"Use of unitialized valie in string ne at "
*Do* please get into the habit of copy/pasting the exact text of what
you are seeing. Re-typing it (badly) is no way to get help, and soon
you are going to find problems here.
Perl has a list of the diagnostic (error and warning) messages which
it issues itself (of which this is one), and you can look them up for
an explanation. The documentation comes with every Perl installation,
and there are also copies on the web.
perldoc perldiag
Conversely, I find that feeding an exact error message to a search
engine (e.g google) can often solve my own problems much faster than
posting to a usenet group, but mistyping the message pretty-much
guarantees very poor results from the search.
Is there a way how I can suppress these error messages.
You need to understand what you are seeing here. Perl is alerting you
to a potential problem, by means of a warning (not literally "error")
message.
So what do you really want to do? Make good use of Perl's help (which
is what I would recommend), or hide the problem away and hope for the
best?
The truth is that your program logic is faulty: you are trying to use
a variable to which you have not assigned a value. Perl is helpfully
alerting you to this. My advice is don't even think about suppressing
this valuable information: use it, work out what it's telling you.

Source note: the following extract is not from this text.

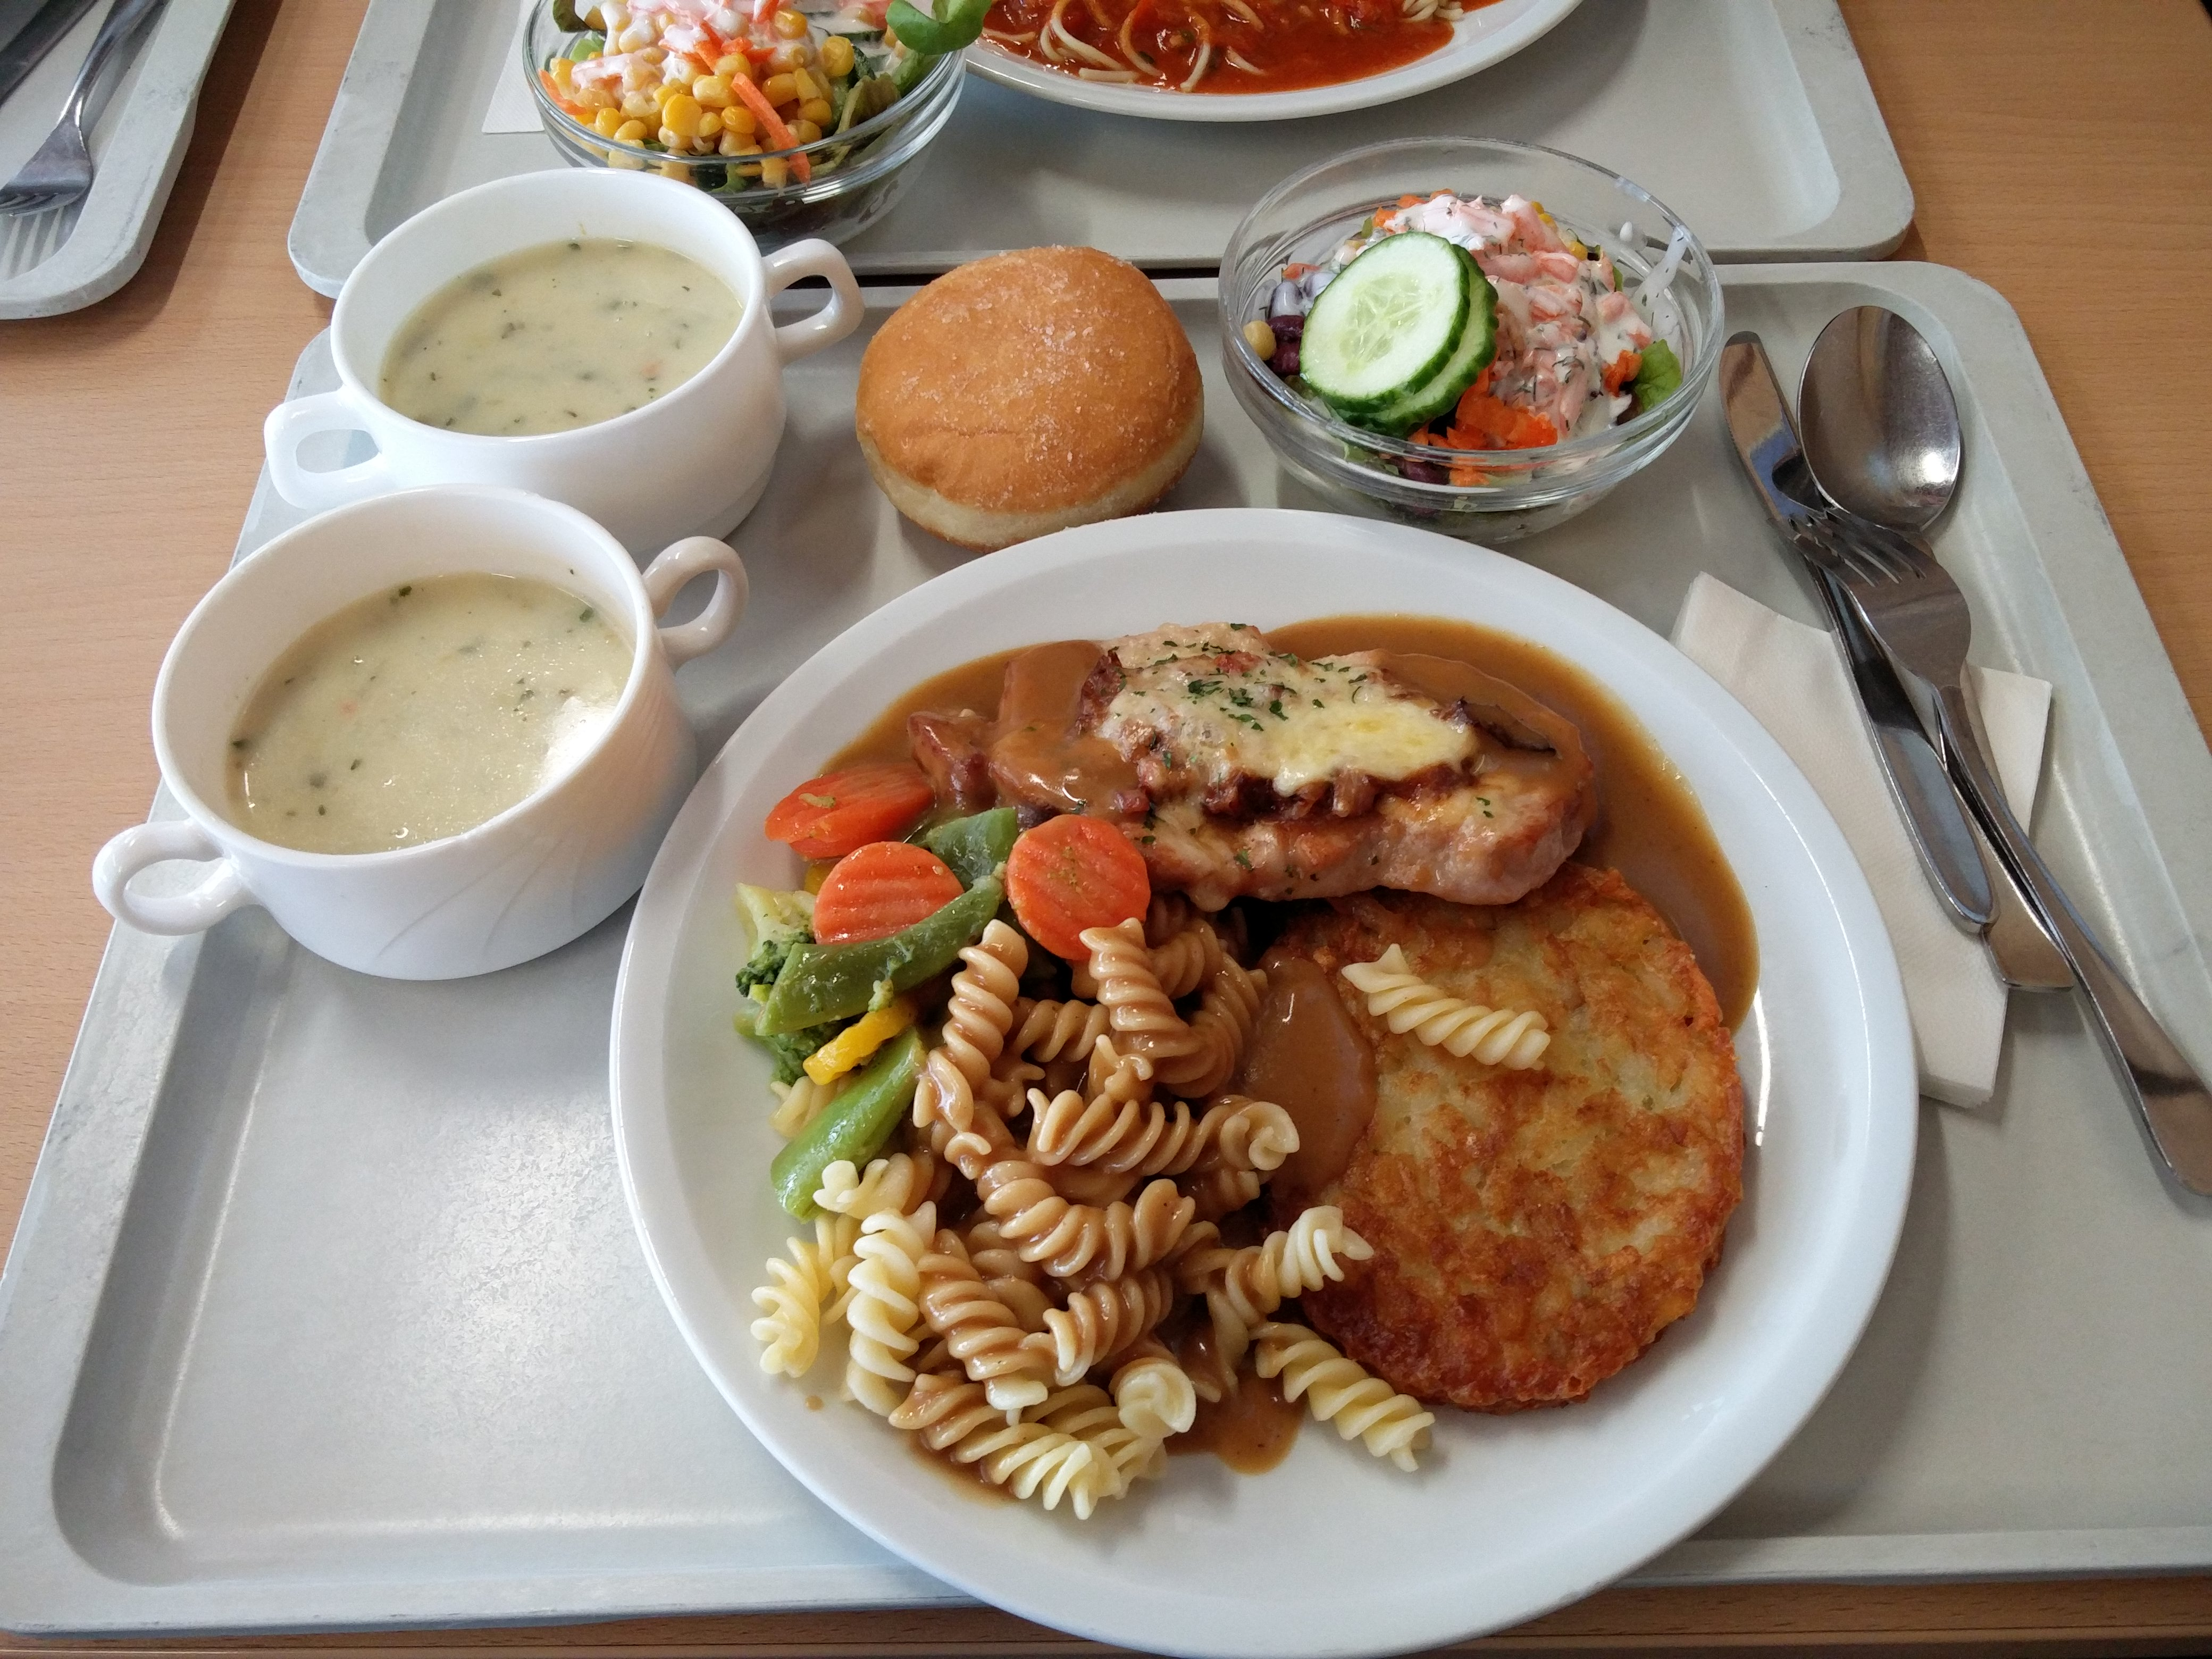 https://foodloader.net/nico_2016-04-05_fleisch-kartoffelpuffer-nudeln-gemuese-suppen-salat-berliner.jpg
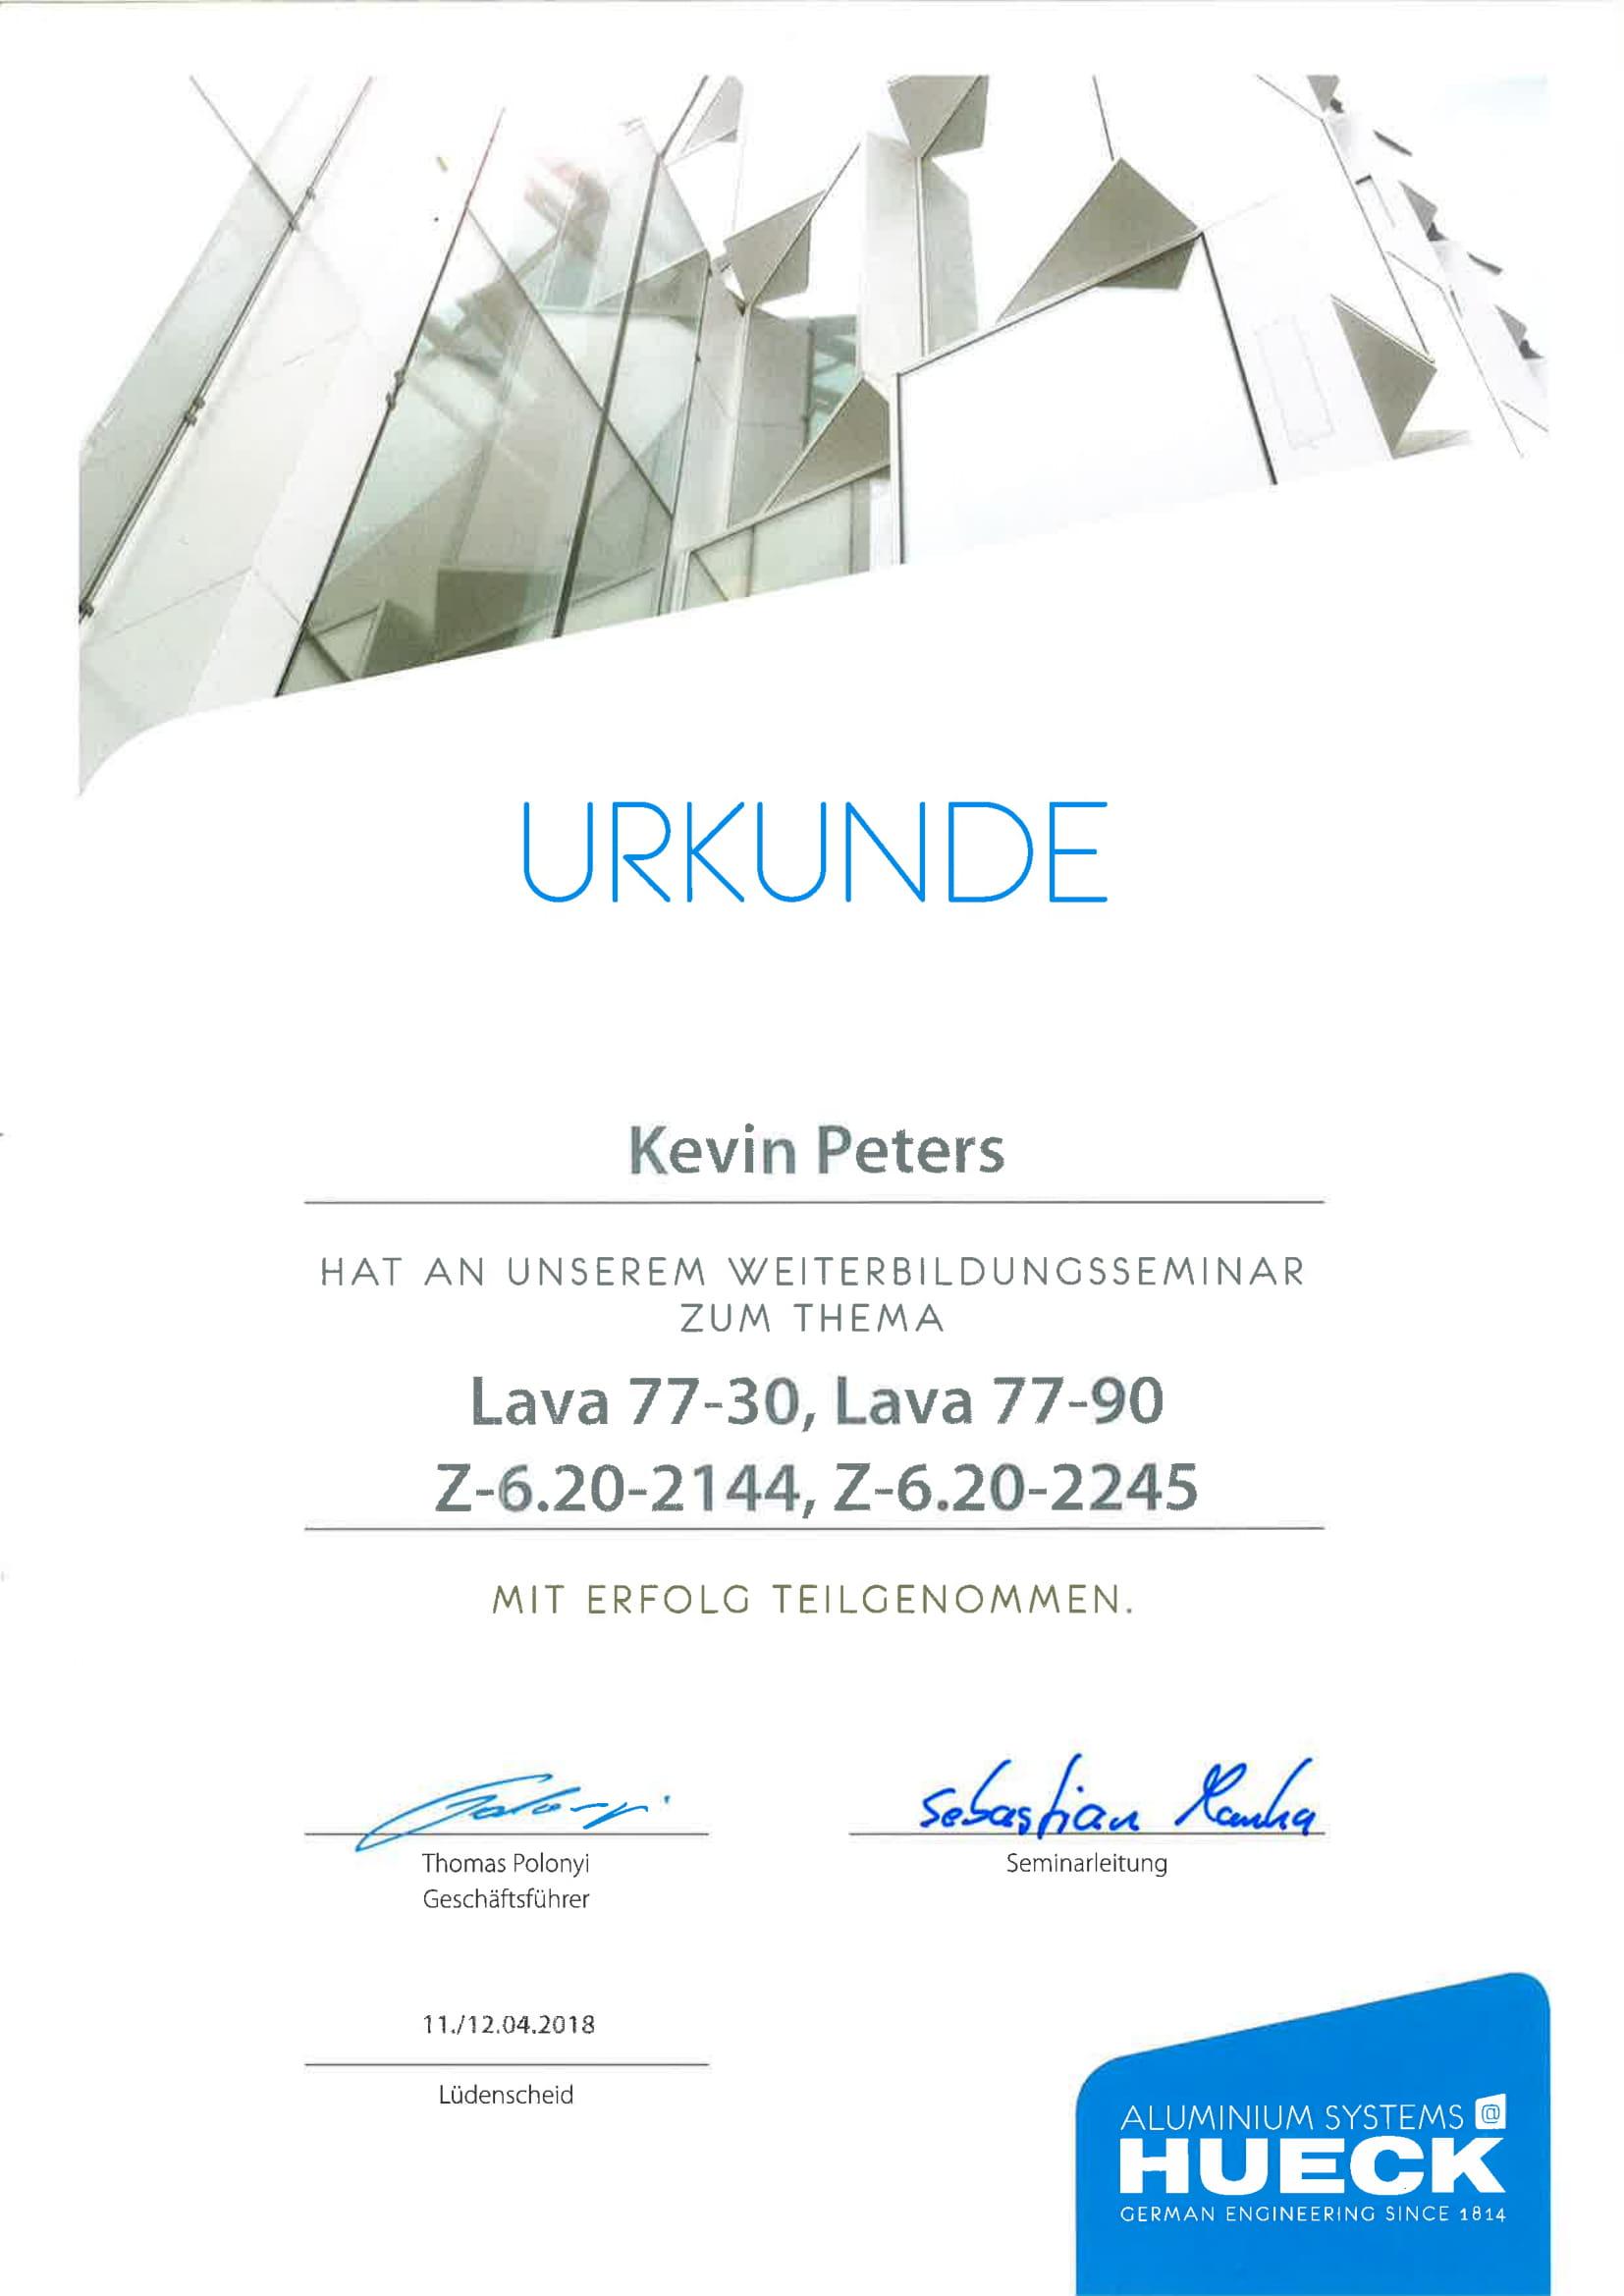 Urkunde Aluminium Systems HUECK

Consider yourself lucky, that the failed match didn't leave some
unrelated value from a previous operation, which you would have used
without any warning. Correct your program logic so that you don't try
to use a match value when it hasn't been set.
If and when you're in a situation where you *really* want a variable
set to an empty value rather than being undefined, do what the
documentation says:
Use of uninitialized value%s
An undefined value was used as if it were already defined.
It was interpreted as a "" or a 0, but maybe it was a mistake.
To suppress this warning assign a defined value to your variables.
Which is a good answer, in appropriate situations. But that's not
what's needed here (regex match variables).
Anyone who advises turning warnings off to hide the warning may be
technically accurate about what Perl does or can do - but
operationally it's a disaster. The whole point of Perl's warnings and
strict pragmas are to help one find errors on one's code. Only in the
most extreme cases should it be necessary to turn these off briefly.
Consider all other possibilities first. That's my advice.